Although Lavoie testified that she would shy away from writing a record of problems or complaints, the record reveals otherwise. It shows that she wrote various memoranda about things from a maintenance worker not emptying trash at the office for which she claims she was responsible, to excessive telephone calls by her driver-interpreter, to reporting Navajo emergency medical technicians [ETMs] using the offices on the weekends in an improper manner. In addition, a statement that she made concerning a missing door knob was apparently construed by a Navajo resource mother as an accusation that she [the resource mother] had stolen a door knob. Finally, Khow confirmed the complaints of Dick that the CHRs were having with Lavoie in the community. Khow articulated Dick's complaints as how Lavoie acted around patients or her refusal to go with CHRs to visit patients with special needs or high risk patients. The more serious complaints involved Lavoie's insensitivity with patients when on home visits, where she would not touch them or when changing dressings she would make faces or have someone else do the dressing. Khow said that Dick wondered why Lavoie was even out there and, furthermore why was Lavoie a PHN if she was unwilling to see the patients that she was responsible for. Dick's testimony is corroborated by Khow.
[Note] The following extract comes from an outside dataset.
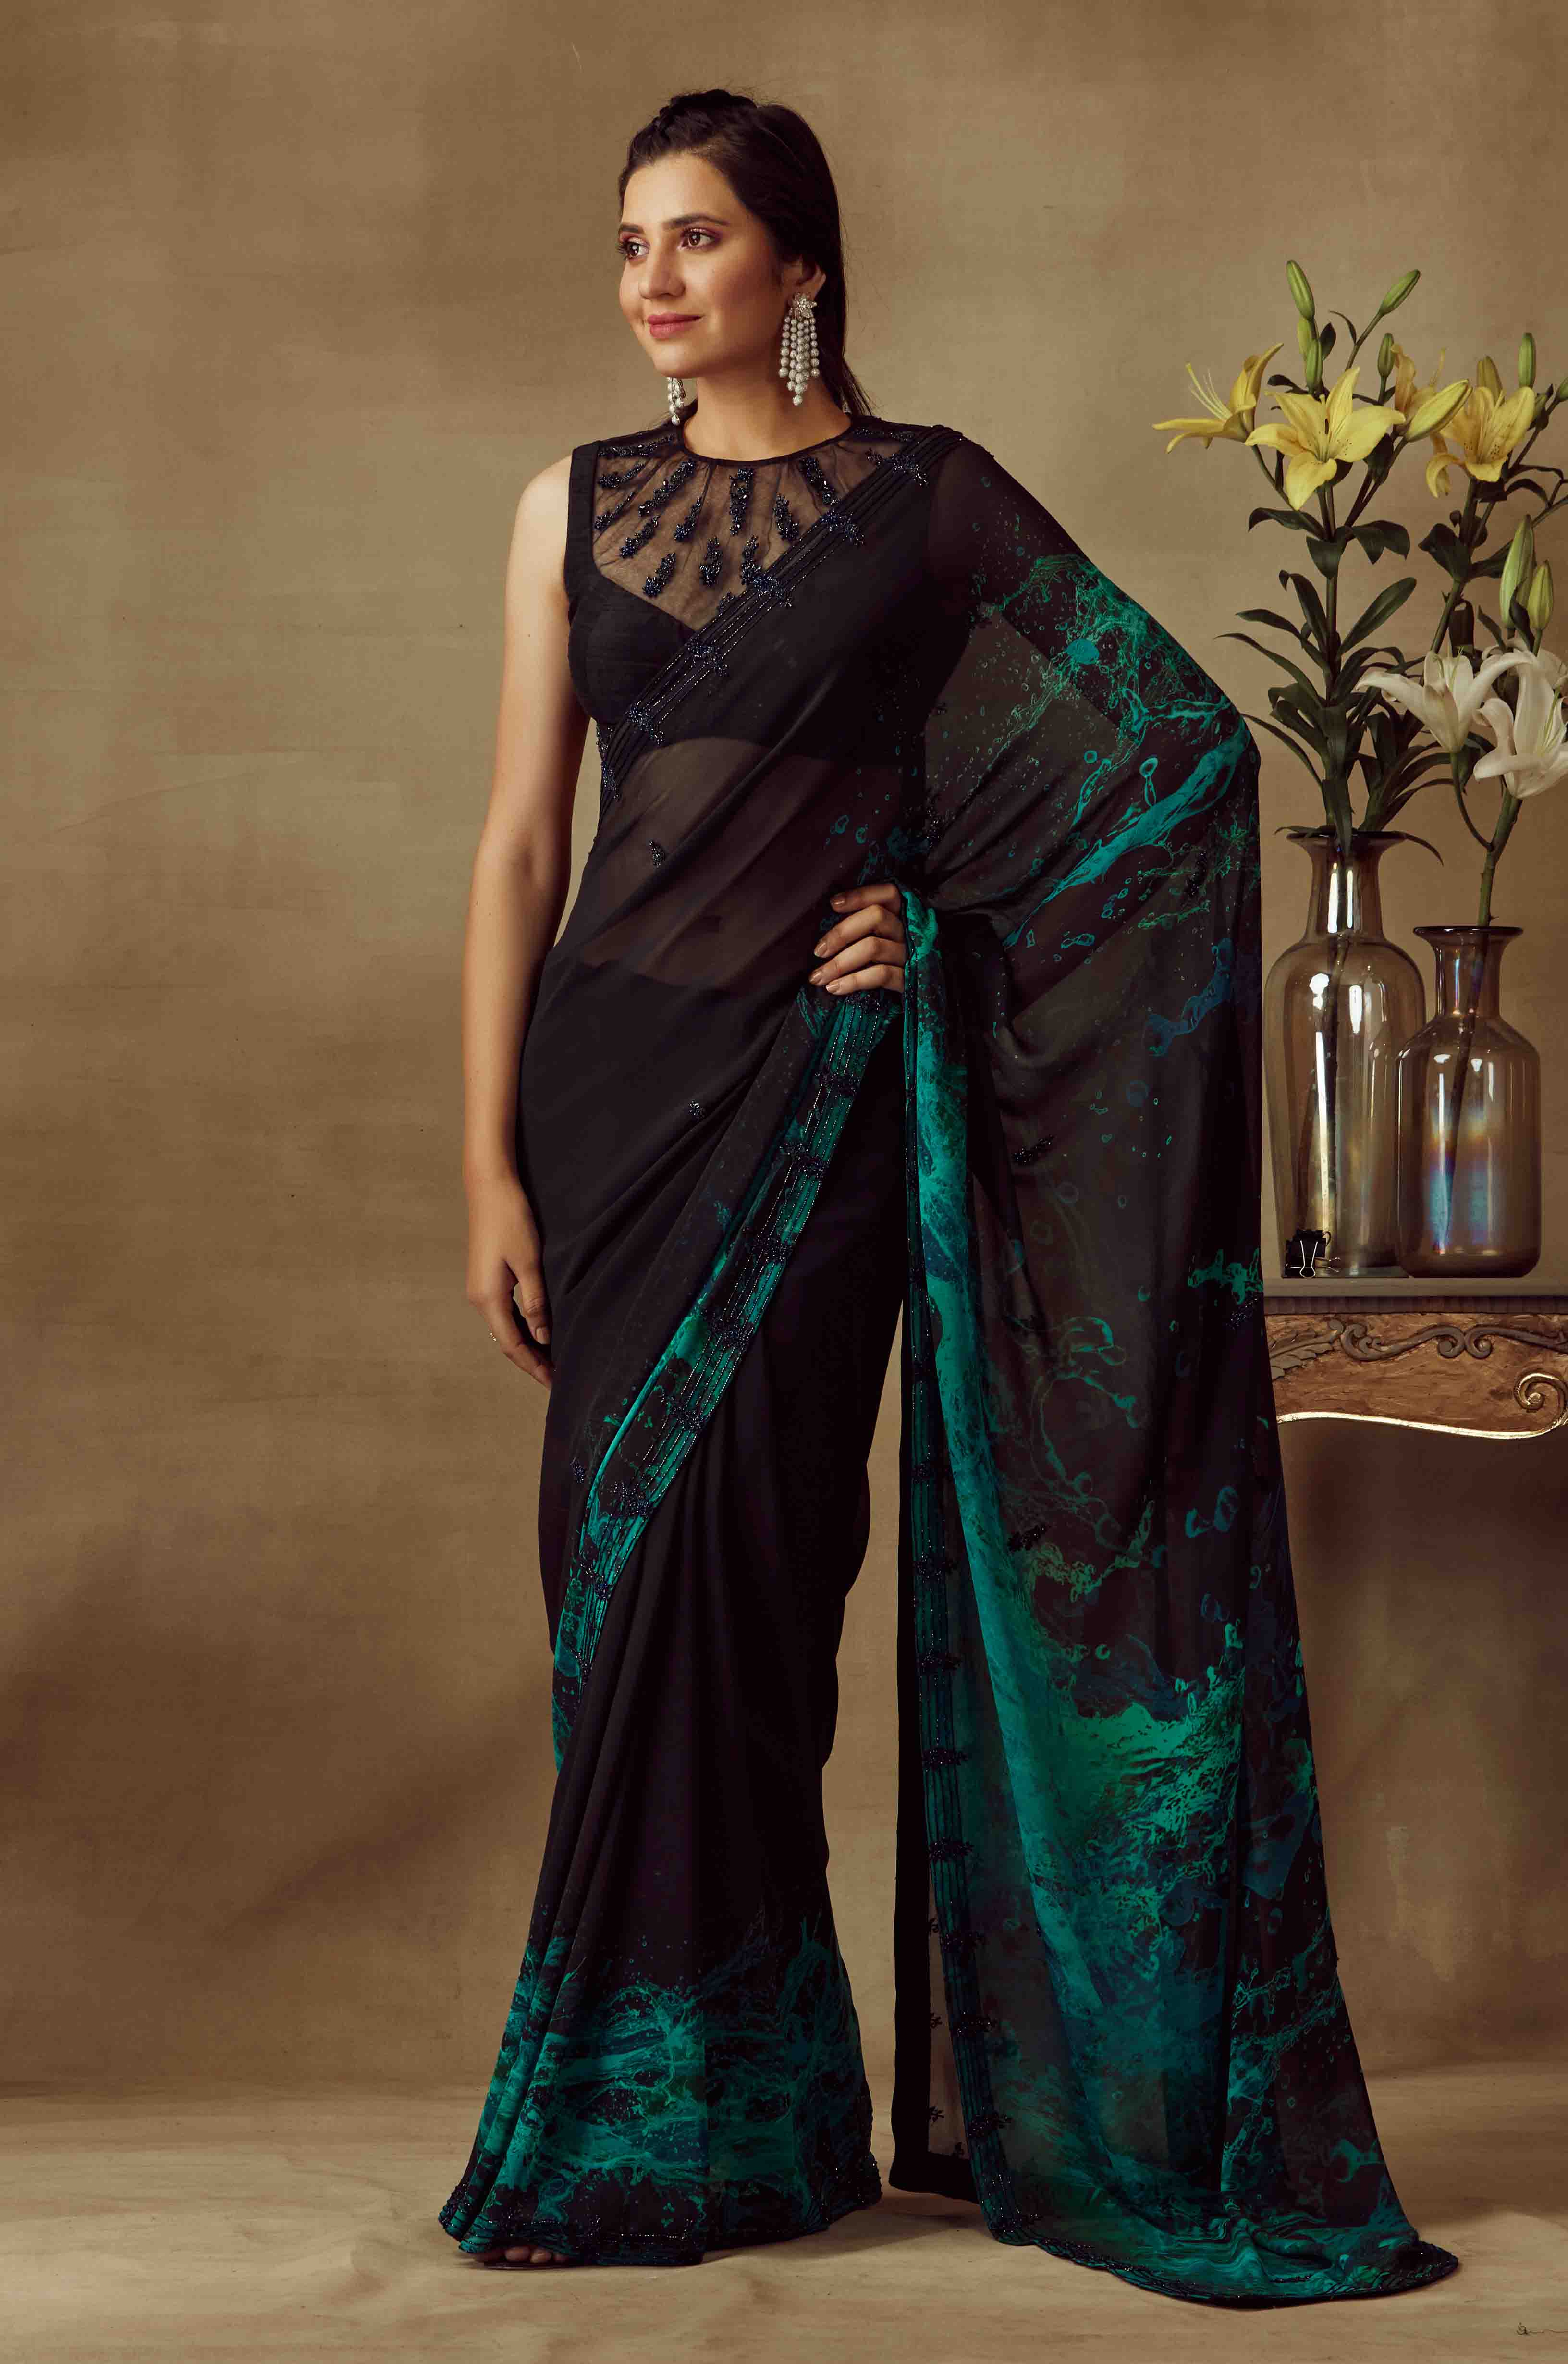 Printed Saree With High Neck Blouse
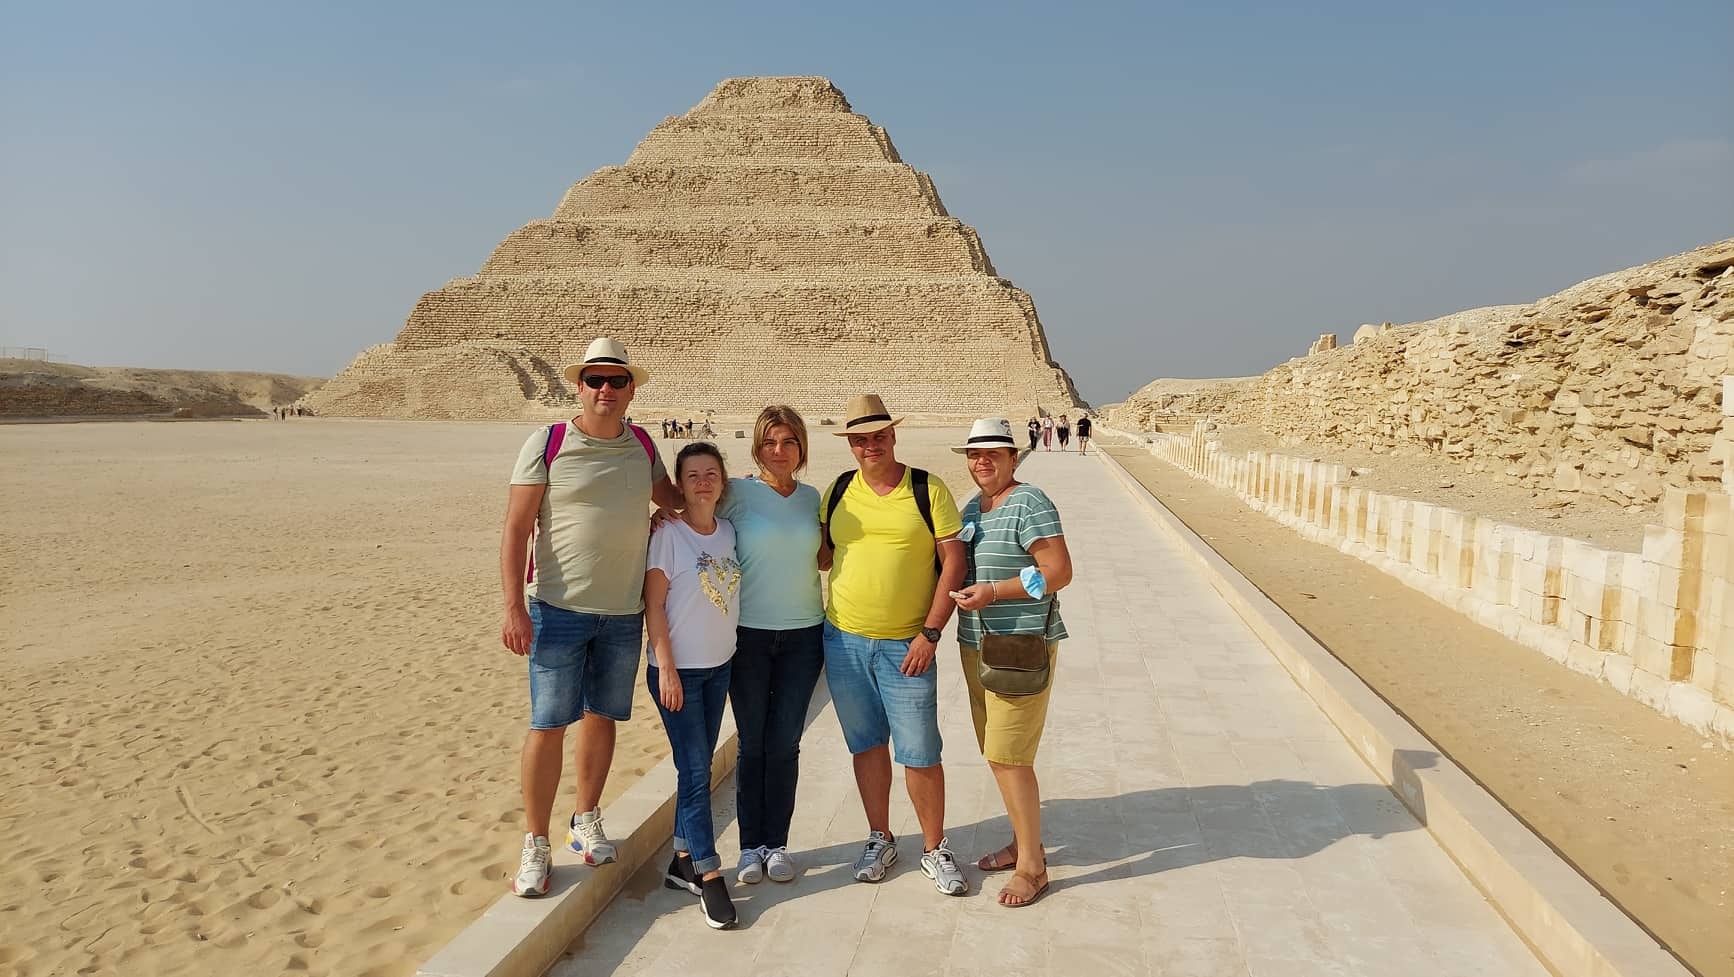 tourhub | Black Camel Tours | Cairo: Private Tour 4 Days Package to Cairo, Giza with Hotel & Transport | 1

Khow denied that the 120 day detail was for discrimina-tory reasons, but states instead that it was in hope that it would provide some space for the PHNs to assess "why they were public health nurses, why they were there and hopefully as a group work out a way to resolve these problems." With respect to the letter from Pete, Khow again credibly testified that, she read the letter, "but I took it as her . . . I'd been listening to Sally for like six, seven months, you know just being frustrated about being unable to resolve the issues with Ms. Lavoie. And then not having . . . for them just to sit down and talk and try to resolve some of these issues. So, when I received her letters, to me it was like, yes she's venting again . . . ." Khow added, Pete was not the only one asking her to do something about Lavoie for according to her undisputed testimony, "I have five of the staff members from PHN. I had the CHR, you know. And so my decision. . . wasn't based on what Sally's . . . requesting." In response to a question as to whether Pete's letters did not carry a lot of weight in her decision, she responded credibly, "Well, not in this situation. Just because I knew that . . . she was just getting burnt at this point in time. So, her letter did not carry, you know, the weight in making my decision." Khow was obviously growing weary of the bickering between Pete and Lavoie, some of which was related to protected activity and some of which clearly was not protected activity.

Conclusions

This section 7116(a)(1), (2) and (4) case is a mixed motive situation that is governed by Letterkenny Army Depot, 35 FLRA 113 (1990). Under that framework the General Counsel must establish that an employee against whom an alleged discriminatory action is taken was engaged in protected activity and that consideration of such protected activity was a motivating factor in connection with hiring, tenure, promotion and other conditions of employment. See, Department of the Air Force, Ogden Air Logistics Center, Hill Air Force Base, Utah, 35 FLRA 891, 899 (1990) (Hill Air Force Base); United States Department of Agriculture, United States Forest Service, Frenchburg Job Corps, Mariba, Kentucky, 49 FLRA 1020, 1031-34 (1994) (Frenchburg). If the General Counsel under Letterkenny makes such a prima facie showing, the respondent may seek to establish by a preponderance of the evidence that there was a legitimate justification for its action and the same action would have been taken even in the absence of the consideration of protected activity.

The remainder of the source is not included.